Declaring Independence: The Difficult Decision That Created America
Overview
Today, it is easy to take America’s independence for granted, but the decision to separate from Great Britain was anything but easy and inevitable. To celebrate the nation’s 245th birthday this July 4th week, join Professor Denver Brunsman of George Washington University as he shares the latest insights from the academy on the American decision for independence. Scholars currently emphasize the British identity of the American colonists, which made declaring independence an anguished and slow process.
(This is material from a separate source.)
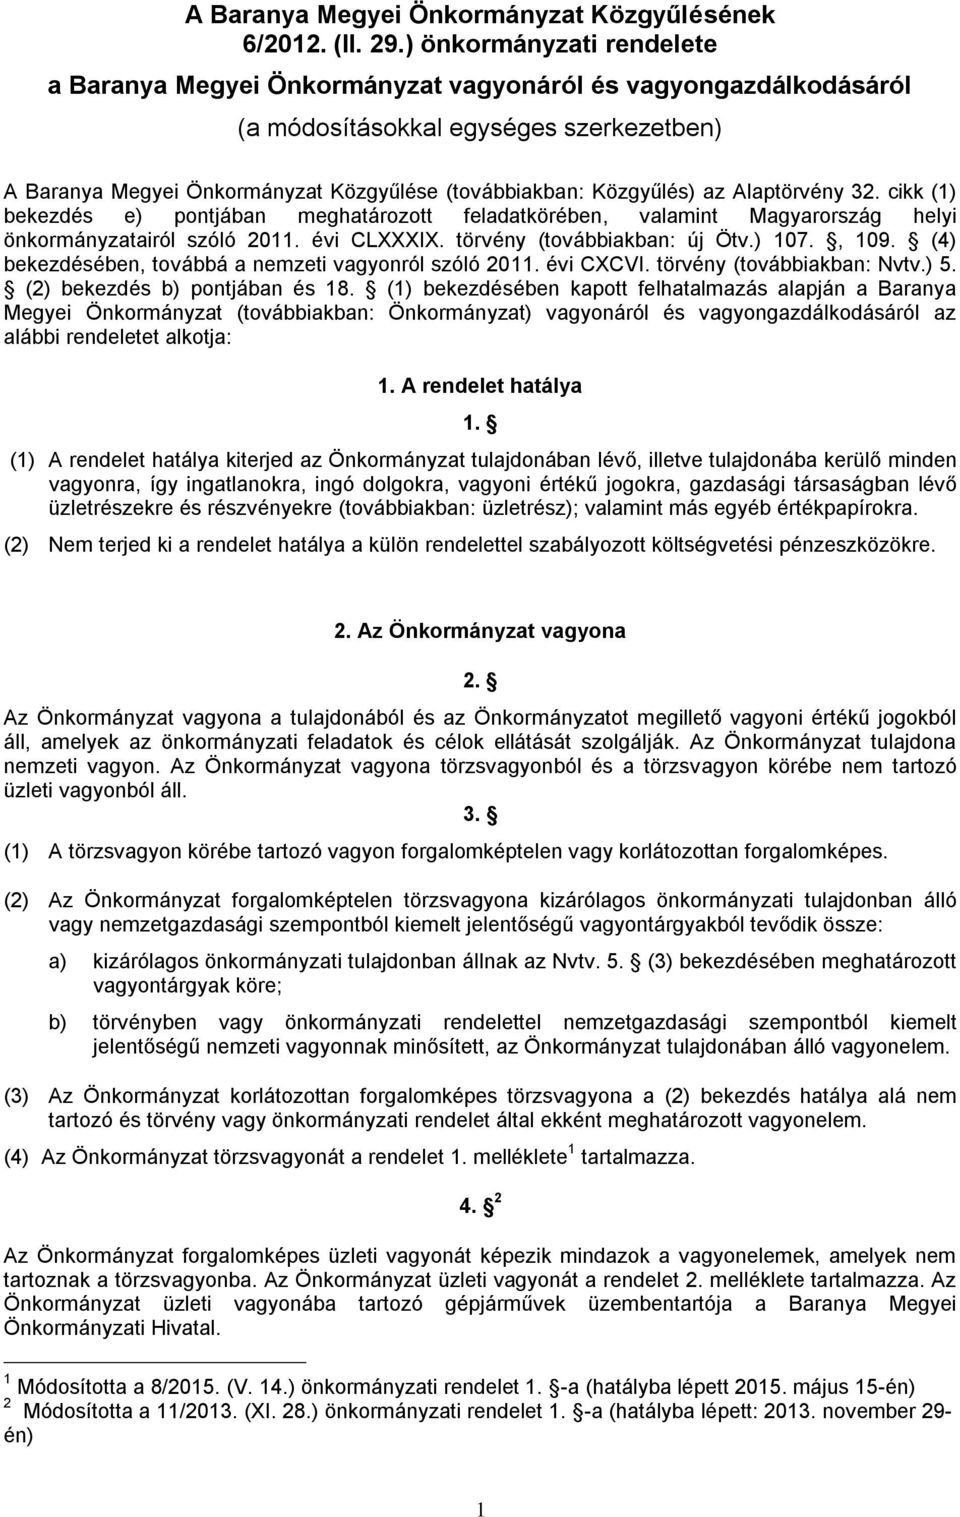 cikk (1) bekezdés e) pontjában meghatározott feladatkörében, valamint Magyarország helyi önkormányzatairól szóló 2011. évi CLXXXIX. törvény (továbbiakban: új Ötv.) 107., 109.

Without the spread of war between the British army and American colonists–and some perfectly timed “common sense” from Thomas Paine– we just might be celebrating the “near miss” of 1776, rather than the birth of the United States.
Discussion Questions:
1. In recent years, scholars have emphasized various events and contingent causes of American independence–especially the early war with Britain–more than more ideological causes (like liberty and freedom). In what ways does this change how we view and understand the American Revolution?
2. According to the current literature on the American Revolution, the American colonists were becoming more culturally British in the generations before the Revolution (an idea known as Anglicization). This idea seems counterintuitive in light of American independence. How can the British identity of the colonists help to explain why they resisted the policies of the British government in the 1760s and 1770s, until they ultimately declared independence?
3. On July 2, 1776, the Second Continental Congress approved Richard Henry Lee’s motion for American independence. Why, then, did the Congress feel it was necessary to have a Declaration of Independence? What were the domestic and international purposes of the Declaration?
4. In his original draft of the Declaration of Independence, Thomas Jefferson included a grievance that blamed King George III and the British Empire for the Atlantic Slave Trade and the institution of slavery. The Second Continental Congress removed the grievance in the final version of the Declaration. Would American history have turned out any different if the grievance about slavery had been left in the Declaration? If so, how?